Re:I have to say, I am depressed... (1)

commodore64_love (1445365) | more than 4 years ago | (#30171820)

Linux is boring? Sacrilege! You get to read all those obscure docs and get into flamewars with developers. How is that not fun? ;-)

Which reminds me, what Linux needs is something like what I had on my old Amiga PC: A graphical way of interacting with the CLI so I don't have to remember all those obscure commands like "sudo -s -t /whatever"

   

Re:I have to say, I am depressed... (1)

jd (1658) | more than 4 years ago | (#30171828)

There's really no excuse for Firefox to allow at least some of the more common security flaws - or at least allowing those flaws to cause problems.

First, sandboxing of extensions should limit what problems can be caused.

Second, a lot of errors are caused by the overflowing of buffers - a problem that could be limited by the use of stretchy buffers or bounds-checking malloc implementations. Or not allowing direct access to the heap.

Third, Firefox (and indeed all programs) should run on the principle of least privilege. Where some specific subset of program functionality requires significantly greater privilege than the rest, run the subset as a different thread or process at a different level of privilege. By extension (bad pun, I know), extensions could also be run as a different thread or process with even fewer rights. (OS' that don't allow programs to shed rights might be a problem, though.)

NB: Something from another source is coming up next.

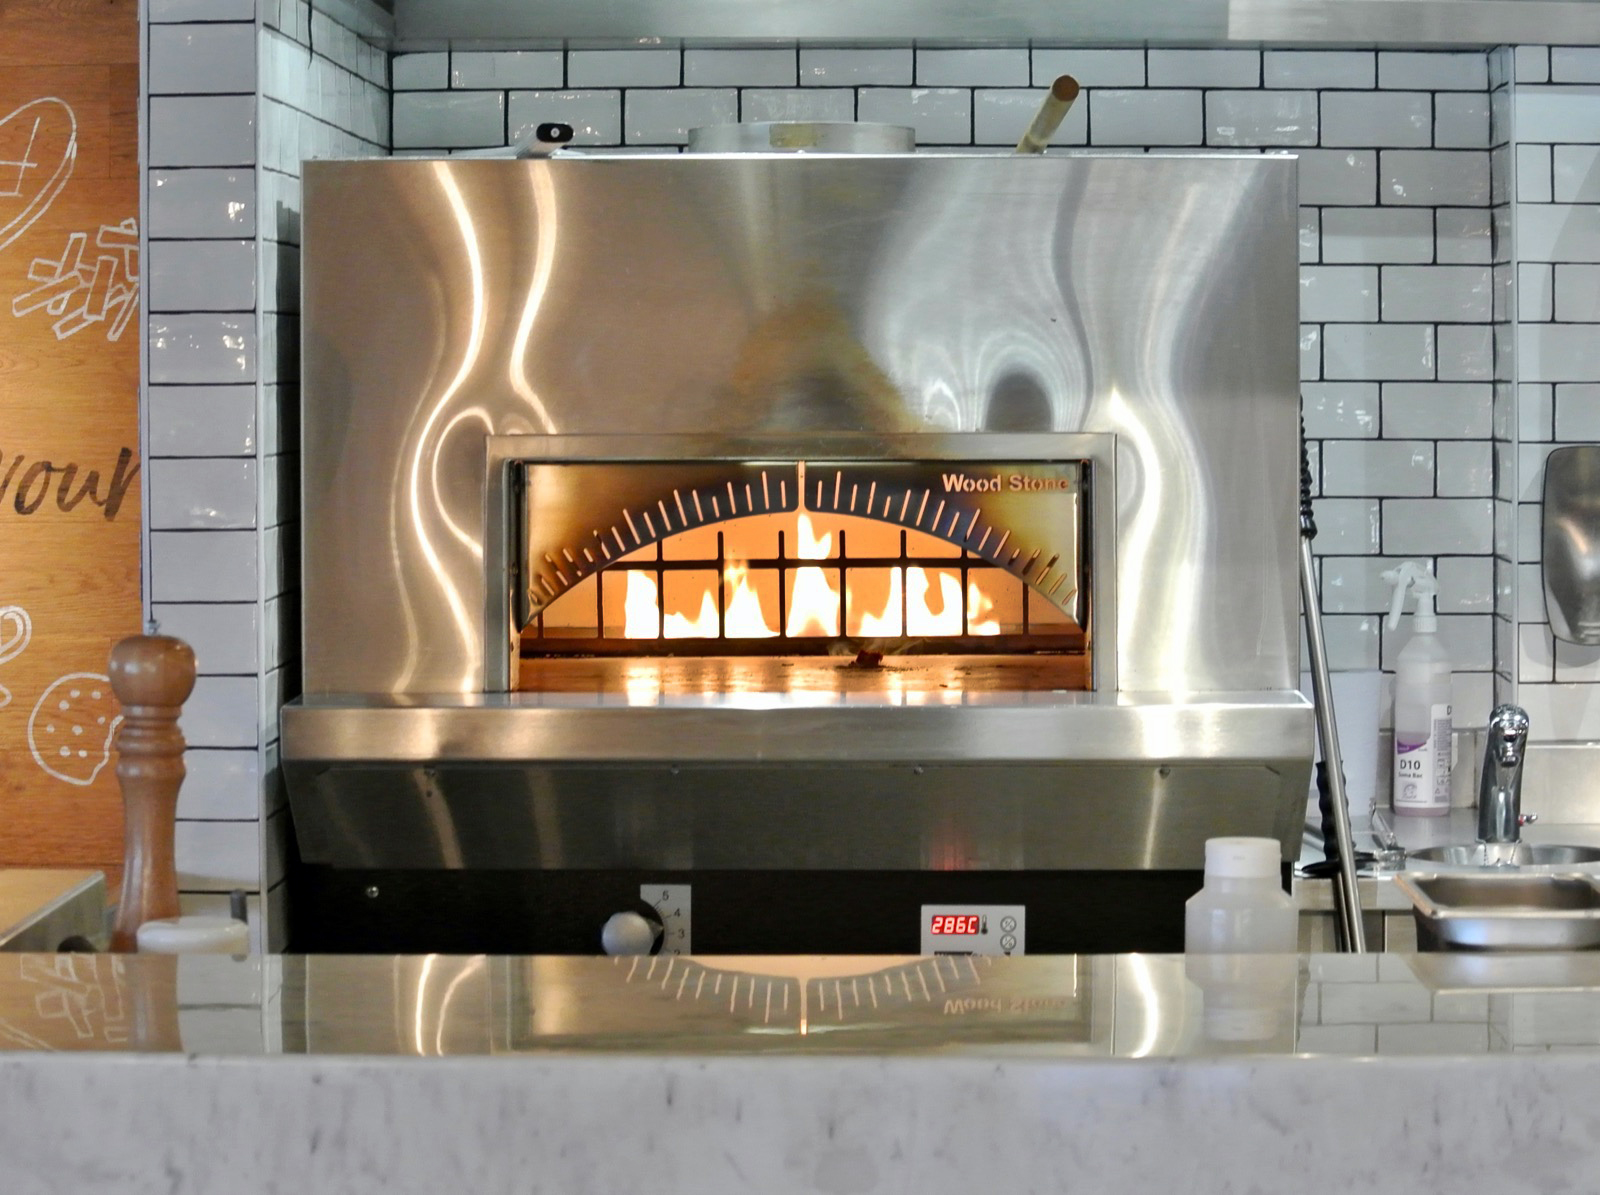 Oldbury Cookhouse and Pub Wood Burning Pizza Oven

Re:I have to say, I am depressed... (1)

clone53421 (1310749) | more than 4 years ago | (#30171926)

First, sandboxing of extensions should limit what problems can be caused.

While also limiting what functionality can be created.

Zero Day (0, Troll)

siyavash (677724) | more than 4 years ago | (#30171352)

Could we please stop using "Zero Day"? It's silly. Doesn't fit /. imho. Or is /. becoming Fox News of IT?

Re:Zero Day (1)

Lord Lode (1290856) | more than 4 years ago | (#30171446)

What does it mean anyway? That you're infected in zero days?

Re:Zero Day (3, Informative)

taoye (1456551) | more than 4 years ago | (#30171518)

Apparently, yes. To paraphrase Wikipedia, it means that the attack occurs on the 0th day that the vendor is aware of the problem... which is a significant because it means the vendor has not even had a chance to respond to the vulnerability before it is exploited. Notwithstanding the fact that they could have prevented it, but that's another matter.

Re:Zero Day (1)

ohampersand (1600309) | more than 4 years ago | (#30171522)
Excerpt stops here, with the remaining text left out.